Yea fair enough. I’m just worried a 3B active or 4B active MoE isn’t going to be smart enough to pull data from pictures correctly. Screenshots I send contain a decent amount of numbers, so I’d like it to be accurate, and reliable. (I always double check but still)

[-]

lumos675@reddit

It's pretty smart even for coding. I set it as a service when my computer turns on the model loads as my personal asistant for everything. I get 210 token on 5090

[-]

AdIllustrious436@reddit

PS :

This alone makes me question the claim tho...

[-]

bnightstars@reddit

My 35B is actually working great with Claude Code as harness but you need hardware that chan handle all the Prefill tokens Claude Code loves to spend. And the llama.cpp cache invalidation issues are not helping with that.

[-]

our_sole@reddit

You have claude code running against local qwen3.6-35b-A3B running under llama.cpp?

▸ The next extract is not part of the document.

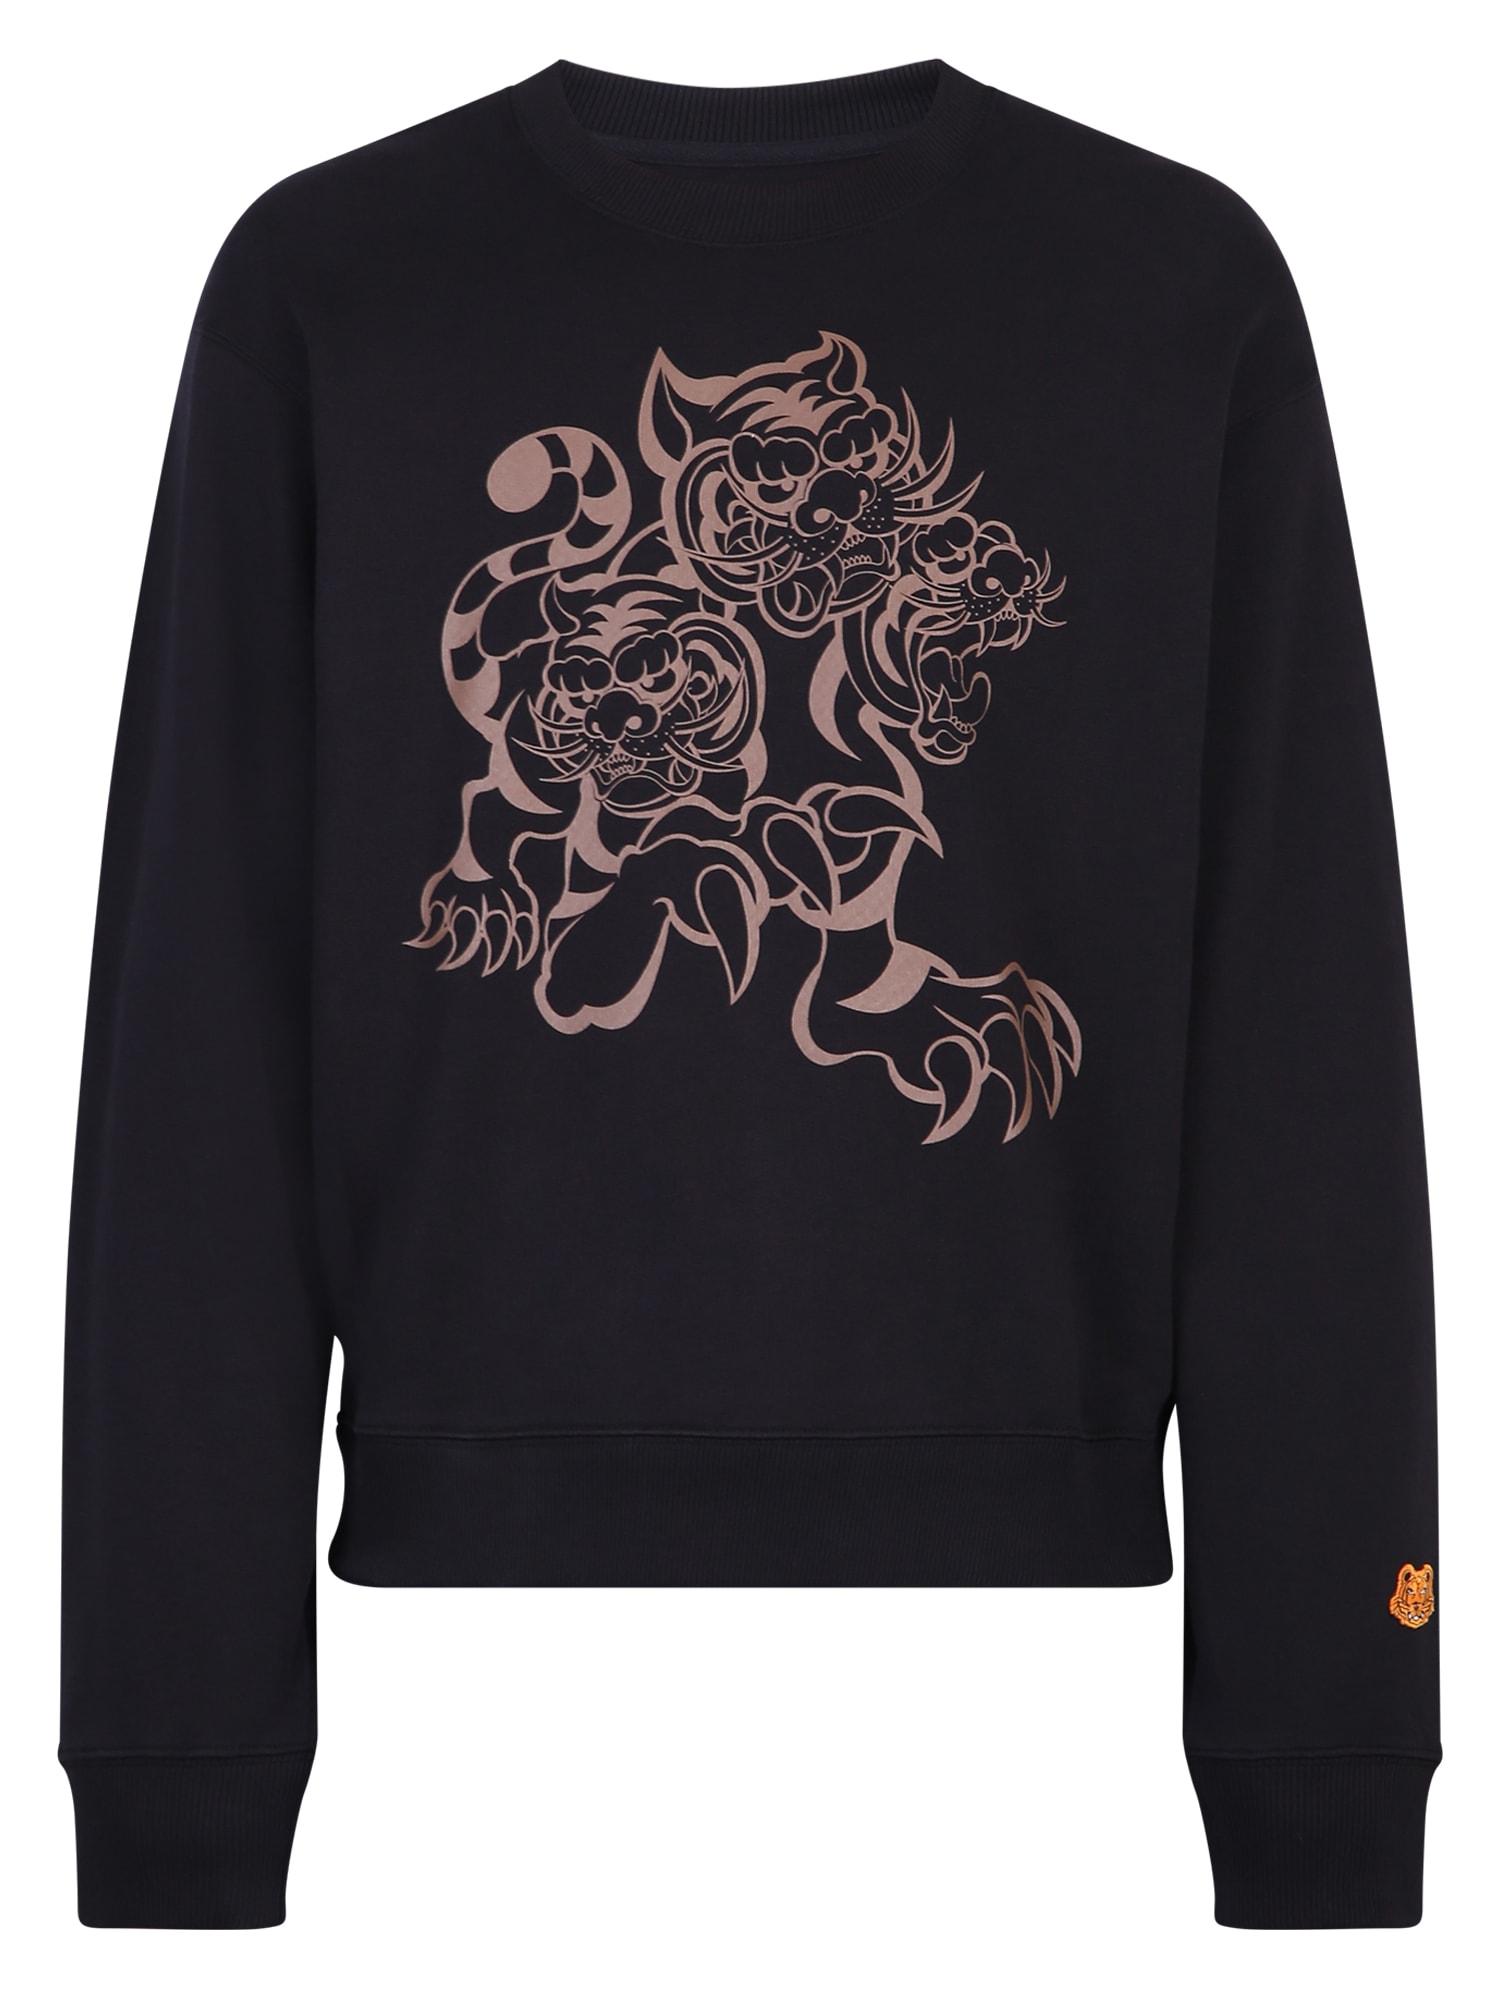 Kenzo Printed Sweatshirt In Black

Could you share your claude shell script or bat file that does this (the env vars, --model, config, etc..)?

I tried for quite some time to do this and claude just flatly refused to use the model. It saw the model, but wouldn't use it: "There's an issue with the selected model..it might not exist or..."

[-]

bnightstars@reddit

I run on MacBook so MLX but overall is just of ENV vars that point Claude Code to a local LLM the DISABLE_NONESSENTIAL_TRAFIC one is key.

"ANTHROPIC_BASE_URL": "http://127.0.0.1:8000",
"ANTHROPIC_AUTH_TOKEN": "123456",
"ANTHROPIC_DEFAULT_OPUS_MODEL": "Qwen3.6-35B-A3B-UD-MLX-4bit",
"ANTHROPIC_DEFAULT_SONNET_MODEL": "Qwen3.6-35B-A3B-UD-MLX-4bit",
"ANTHROPIC_DEFAULT_HAIKU_MODEL": "Qwen3.6-35B-A3B-UD-MLX-4bit",
"CLAUDE_CODE_DISABLE_NONESSENTIAL_TRAFFIC": "1"

[-]

Opposite-Station-337@reddit

Just the first section variables got me going. Been using pi agent though.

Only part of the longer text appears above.